When Quinn joins the band in the recording studio, it’s supposed to be fun, but it only seems to remind him of doubts he thought he’d left behind—doubts about his brother’s death, his place with the band, and his ability to care for and support his friends. So when his ex, Nicky, tumbles back into his life, Quinn’s completely unprepared.
The failure of his past romance with Nicky is yet another strike against Quinn’s confidence. But Nicky’s unassuming kindness makes it hard for Quinn to resist a new entanglement. Quinn isn’t sure they won’t make the same mistakes again, but he wants a second chance, even if that means facing the past, learning to let his friends support him, and proving to Nicky that, this time, he’ll be someone Nicky can rely on.
For my parents.
I’d write out all the reasons why, but it’d take up the whole page. Thank you for all the things.
About Scratch Track
Chapter 1
Chapter 2
Chapter 3
Chapter 4
Chapter 5
Chapter 6
Chapter 7
Chapter 8
Chapter 9
Chapter 10
Chapter 11
Epilogue
Dear Reader
Acknowledgments
Also by Eli Lang
About the Author
More like this
Sometimes, when I’m listening to music, it’s like I’m standing in the middle of this whirlwind of sound, and it washes over me. Like I’ve fallen into the melody and it’s everywhere, surrounding me and inside me. And it clicks something on, some switch in my mind or my heart, and for those few minutes, everything is right. Good. Like it makes sense. And nothing else matters.
Watching Escaping Indigo play was like that. I felt the same way about Rest in Peach, the band I was watching now, too.
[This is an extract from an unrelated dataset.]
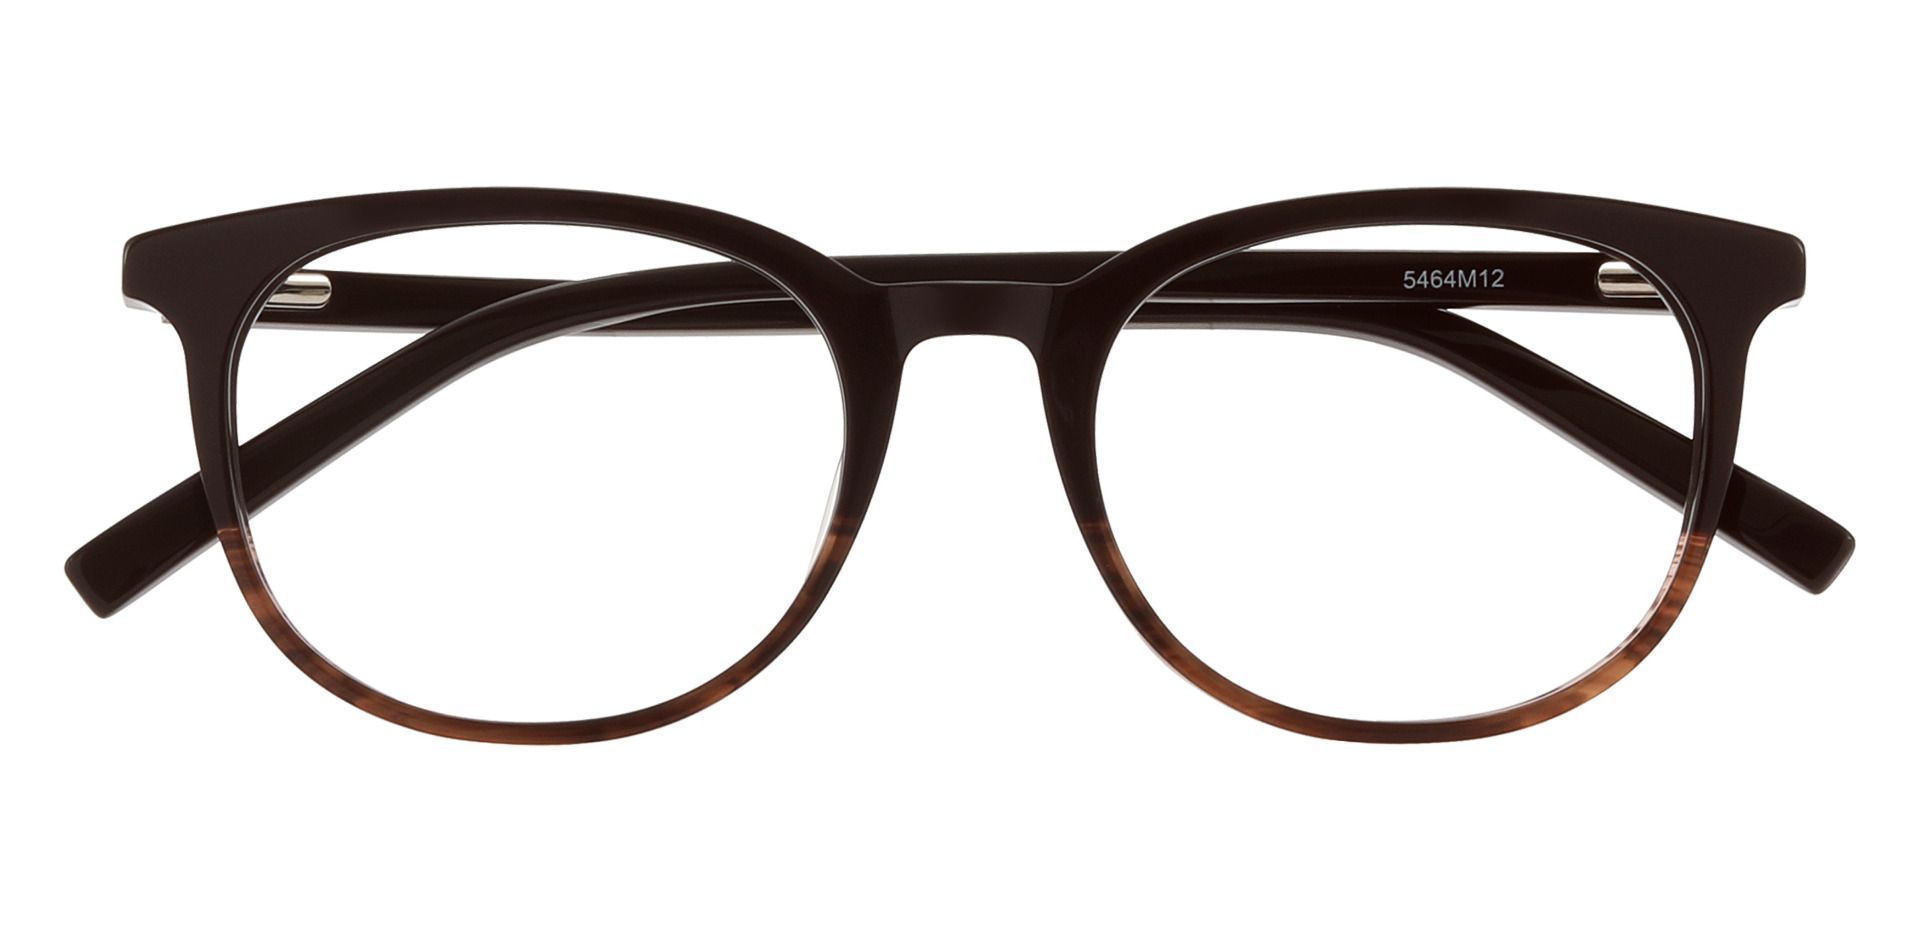 Raquel Oval Prescription Glasses - Brown

I’d seen them play live before, but this was different—now I was seeing them through the thick glass window of a recording studio, while they tracked a song and I stared from the other side of the soundboard. And I hadn’t expected this—I hadn’t known they were going to be here, and I hadn’t been prepared to see them, any of them, again.
I turned to Bellamy, who was standing behind me, nodding along to the song. He had this contemplative look on his face, and I knew he wasn’t only enjoying the music. He was picking it apart, figuring out why it had been put together that way, what was working and what wasn’t, why those musical choices had been made. Bellamy was great on stage, better than almost any performer I’d ever seen, but putting songs together was where he was at home. He was made for recording. It was why he’d decided to try his hand at producing this album himself.
“You didn’t tell me they were going to be here.” I tried to keep my tone casual, like it was a nice surprise, but there were cracks in my voice, where the words came out tight.
Bellamy didn’t seem to notice. Beside him, his boyfriend, Micah, took his hand and gave it a shake, bringing him back down. Micah was carrying on his own conversation with Ava and Tuck, but part of his mind was always focused on Bellamy. It took Bellamy a minute to blink and come back out of whatever music-induced haze he’d been in.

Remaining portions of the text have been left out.